A new incremental learning algorithm is described which 
approximates the maximal margin hyperplane w.r.t. norm p >= 2 for 
a set of linearly separable data.
Our algorithm, called Alma_p (Approximate Large Margin algorithm w.r.t. norm p),
takes $O( (p-1) / (a^2 g^2 ) )
corrections to separate the data with p-norm margin larger than (1-a)g,
where g is the (normalized) p-norm margin of the data.
Alma_p avoids quadratic (or higher-order) programming methods. It is
very easy to implement and is as fast as on-line algorithms, such as
Rosenblatt's Perceptron algorithm.
We performed extensive experiments on both real-world and artificial datasets.
We compared Alma_2 (i.e., Alma_p with p = 2) to standard 
Support vector Machines (SVM) and to 
two incremental algorithms: the Perceptron algorithm and Li and Long's ROMMA.
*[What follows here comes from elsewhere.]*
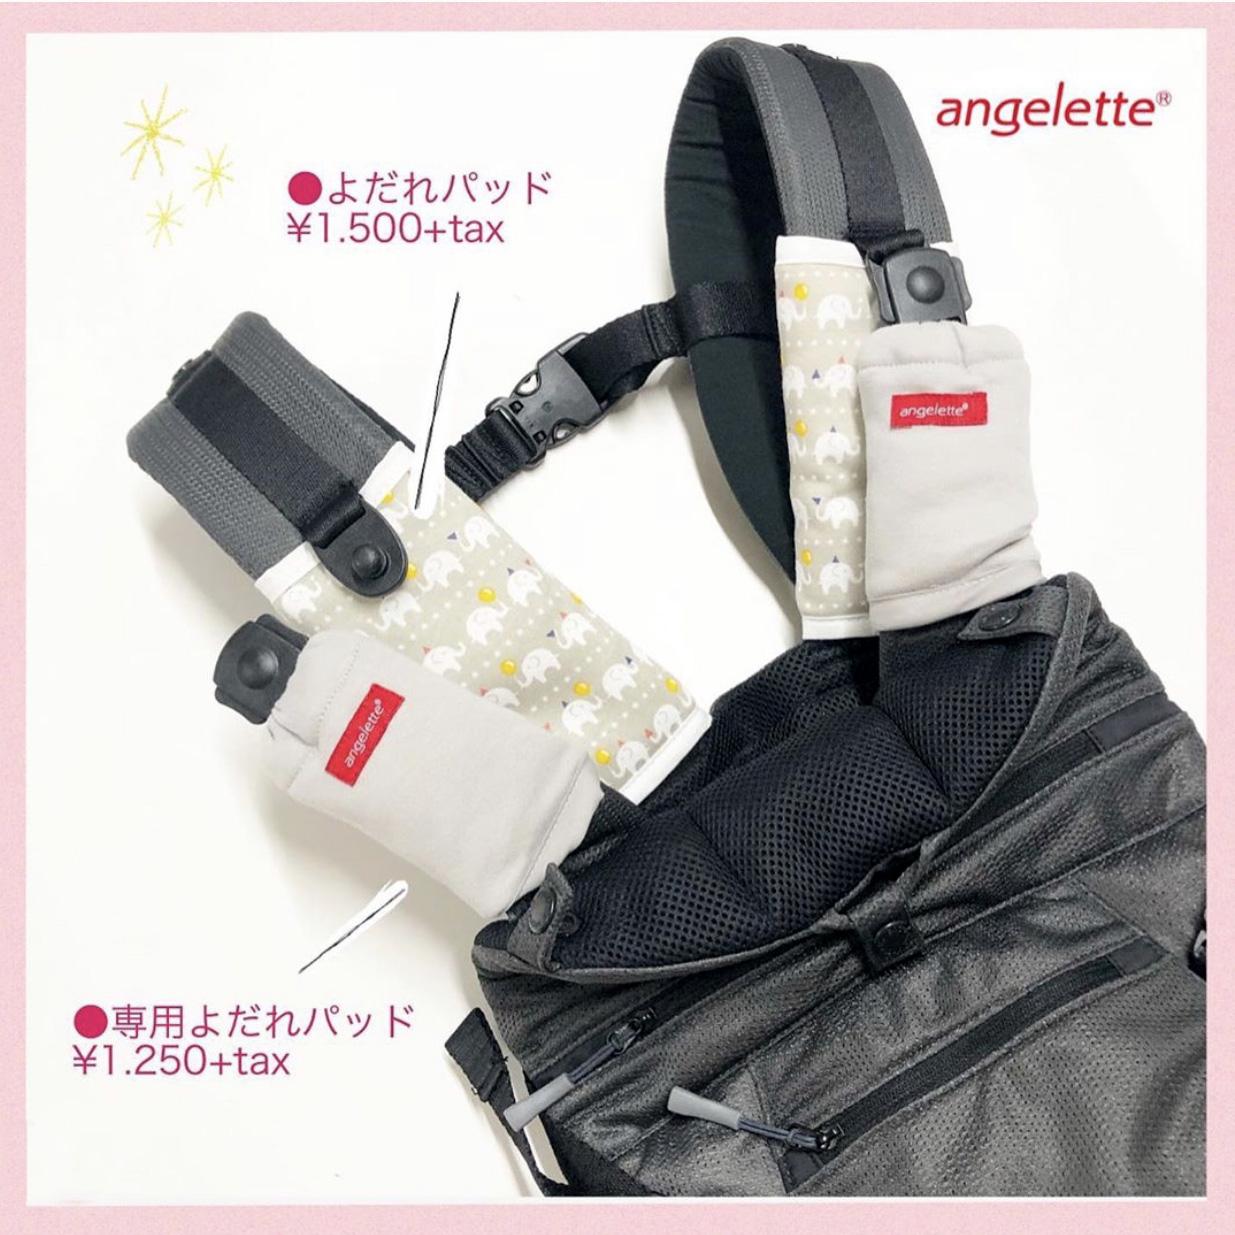 angelette ベビーキャリアオール(抱っこひも)

The accuracy levels achieved by Alma_2 are superior to those
achieved by the Perceptron algorithm and ROMMA, but slightly inferior to 
SVM's. On the other hand, Alma_2 is quite faster and easier 
to implement than standard SVM training algorithms.
When learning sparse target vectors, Alma_p with $p > 2$ largely 
outperforms Perceptron-like algorithms, such as Alma_2.